Endocrine Abstracts

Nuclear receptors regulate many developmental processes and a vast array of physiological responses. They control the expression of subsets of specific genes by recruiting co-factors that can function either as co-activators or co-repressors to either stimulate or repress gene transcription. Using the ligand-binding domain of the estrogen receptor as bait we identified a receptor interacting protein of MW 140Kd that we called RIP140. Examination of RIP140 null mice showed two clear phenotypes: firstly, female mice were completely infertile due to ovulatory failure and secondly, both sexes were extremely lean even when fed a high fat diet. The failure to ovulate was caused by impaired amphiregulin signalling in cumulus cells leading to defective luteinisation. The resistance of the mice to obesity when fed a high fat diet was the result of fibre-type switching in muscle tissue and an increase in the number of brown/beige fat cells in adipose tissue, both of which led to an increase in energy expenditure. Clearly RIP140 regulates transcription of one or more genes involved in these physiological processes and much of my research in later years focussed on unravelling the underlying molecular mechanisms. One remarkable finding was that RIP140 could act as either a co-activator or a co-repressor in different biological processes.

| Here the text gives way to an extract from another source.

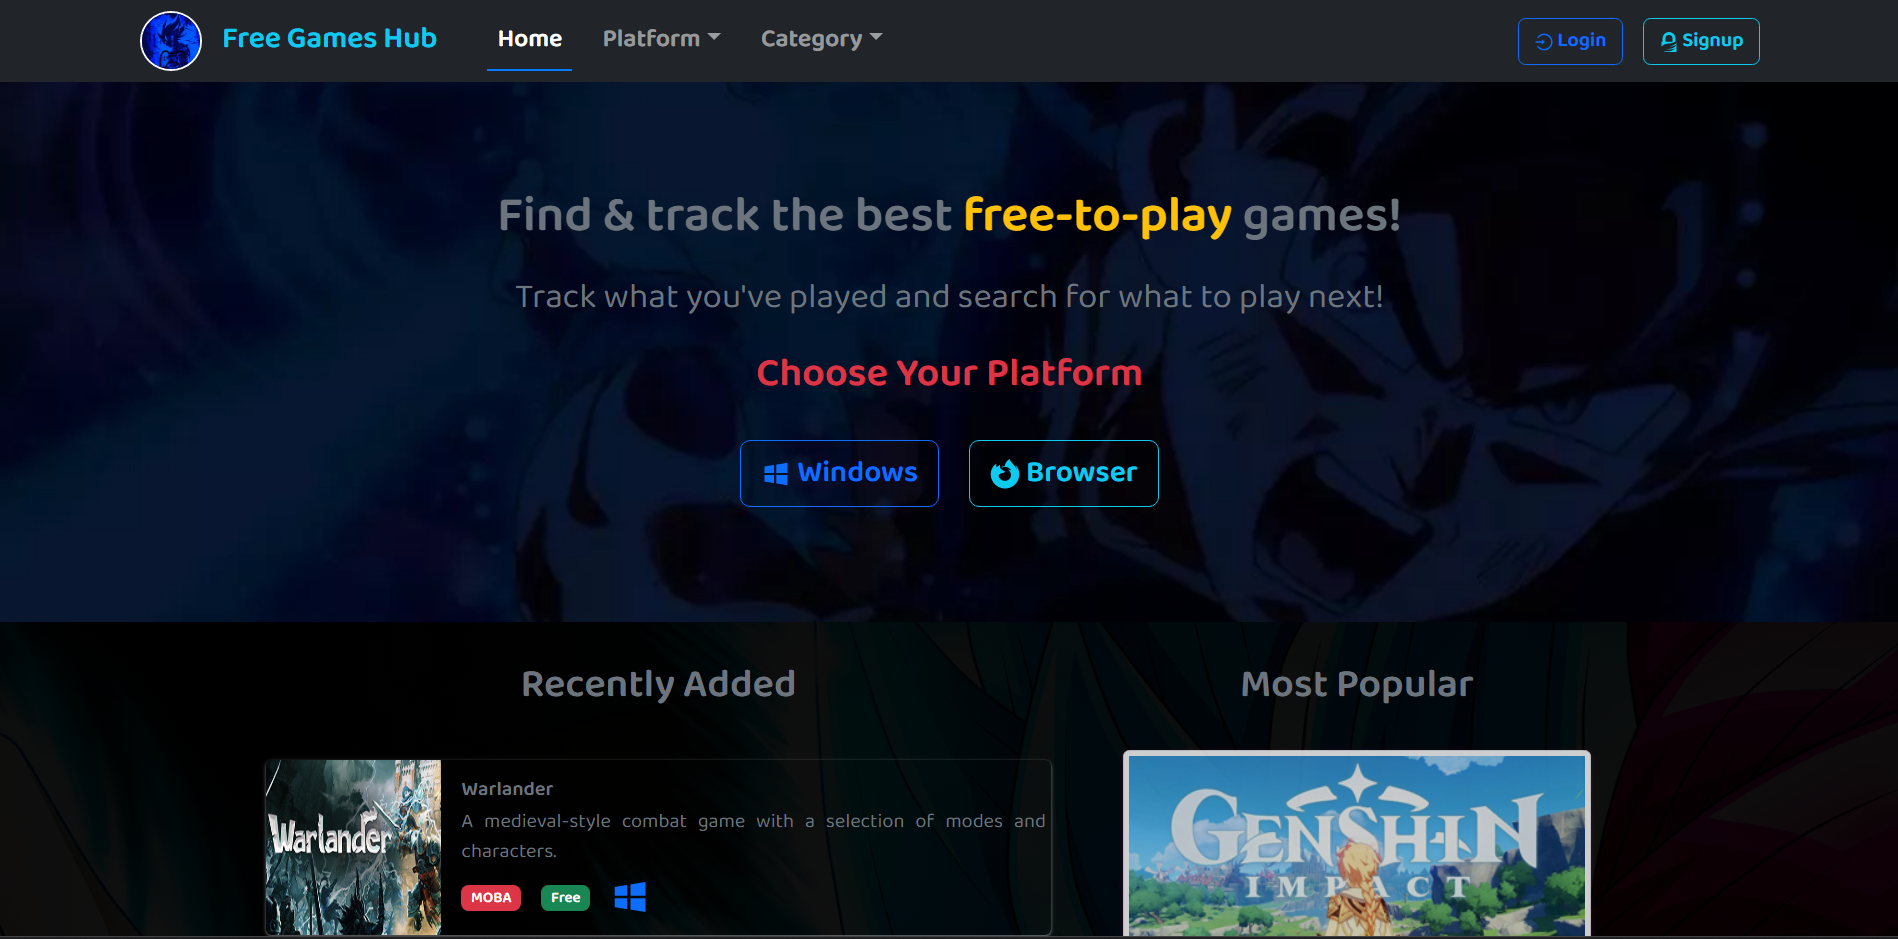 Free Games Hub

For example, in ovulation it functions as a co-activator to stimulate transcription from amphiregulin target genes in cumulus cells. On the other hand, in metabolic processes it functions as a co-repressor by competing with PGC1, a strong co-activator for PPAR receptors. Thus RIP140 emerged as a clinical target for interfering with ovulation or controlling obesity, but the complexity of the molecular mechanisms involved has hindered progress in this endeavour.